• Problem details: Copy the lines below word for word, skipping any image.
[Supplied information]
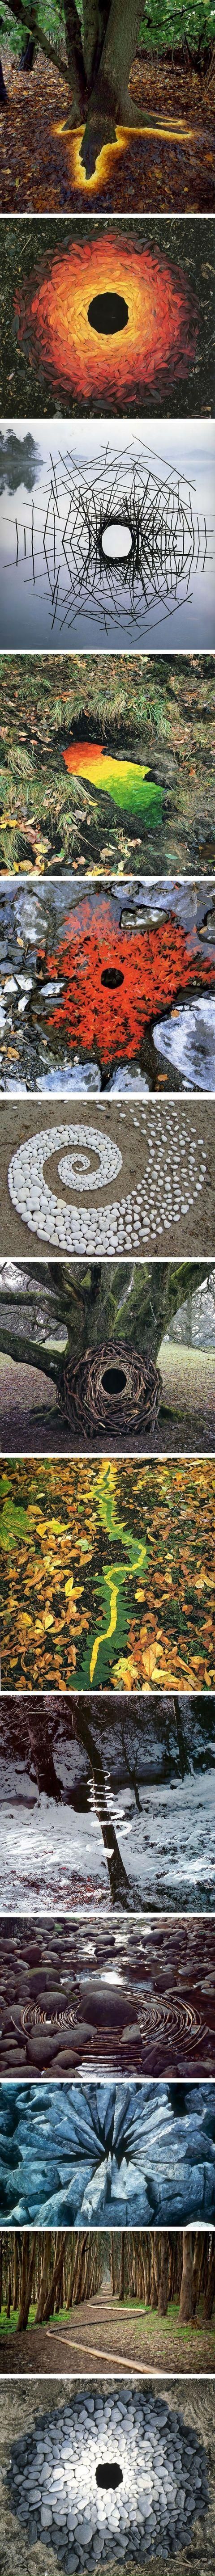 Very clever…I especially like the glowing tree roots, but I dont
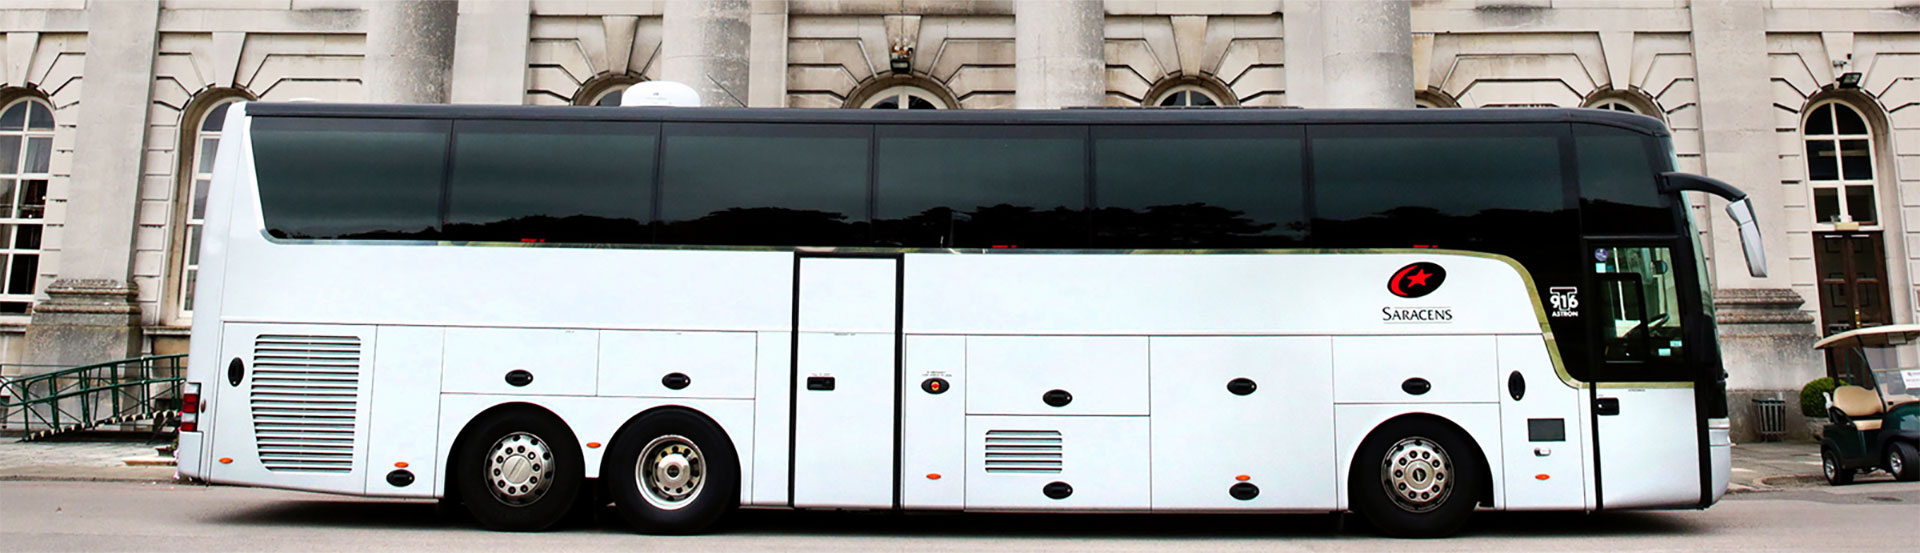 Executive Coach Hire | Operating Throughout London and Hertfordshire
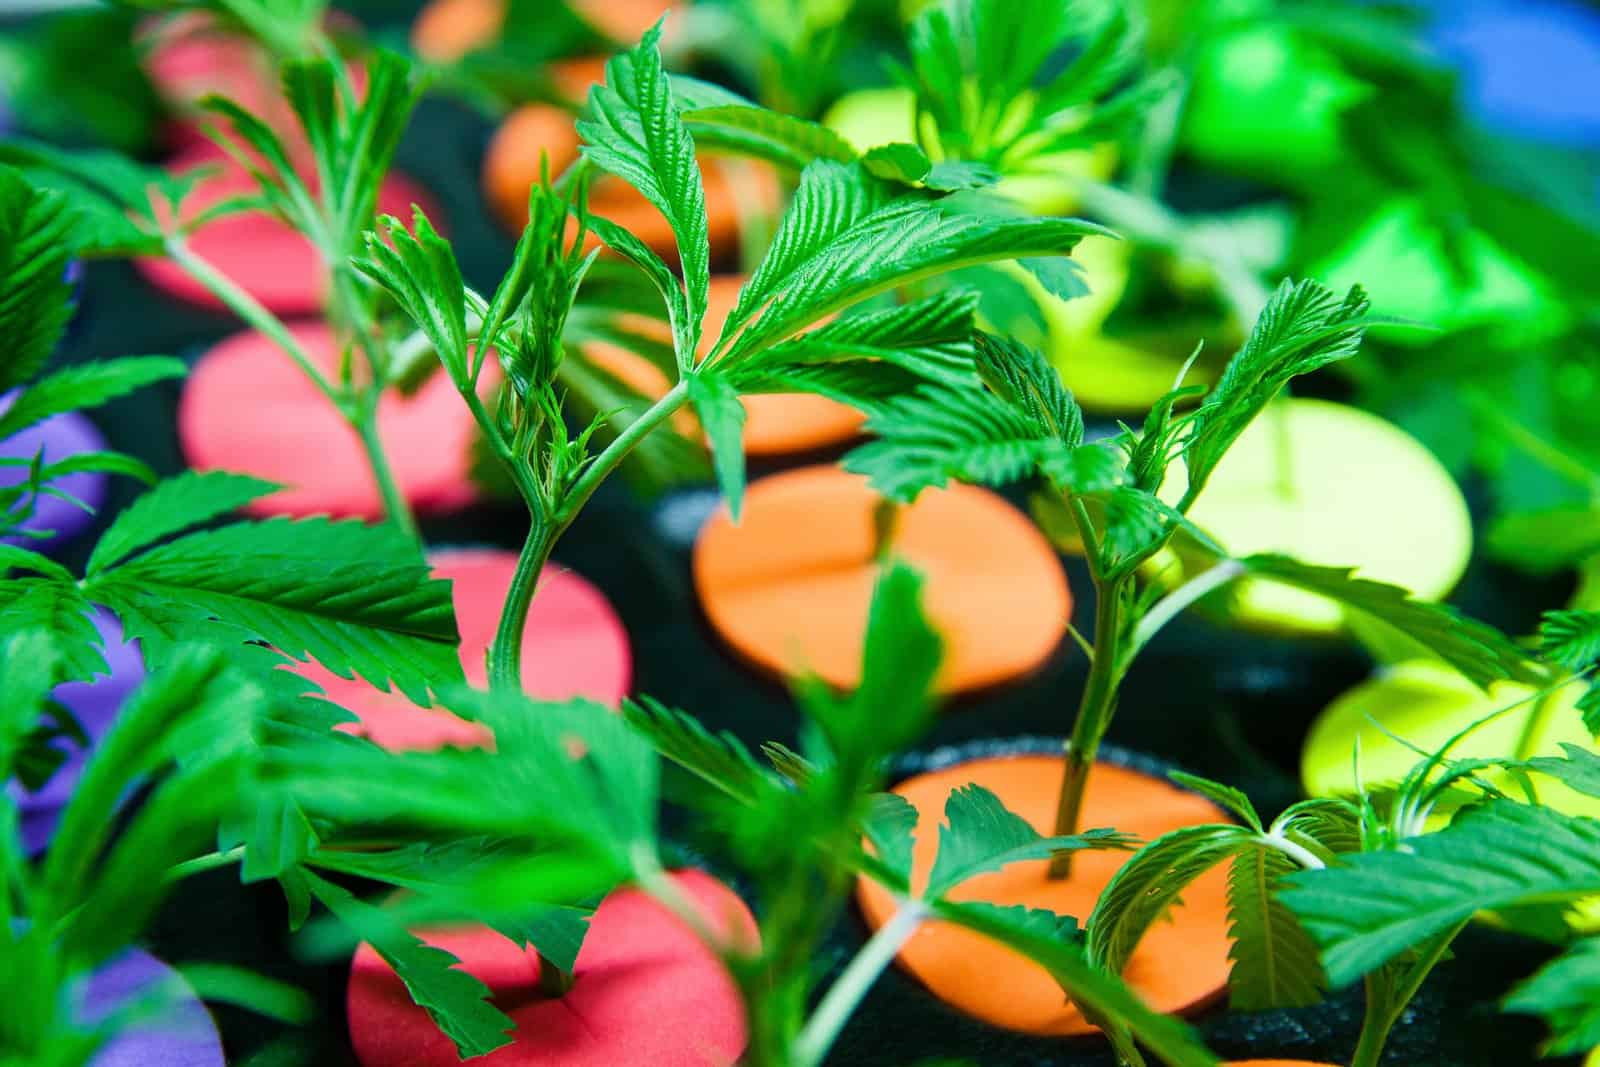 3 Tips to Properly Clean Your Cannabis Grow Room
[/Supplied information]
• Result of the task:
 Very clever…I especially like the glowing tree roots, but I dont
 Executive Coach Hire | Operating Throughout London and Hertfordshire
 3 Tips to Properly Clean Your Cannabis Grow Room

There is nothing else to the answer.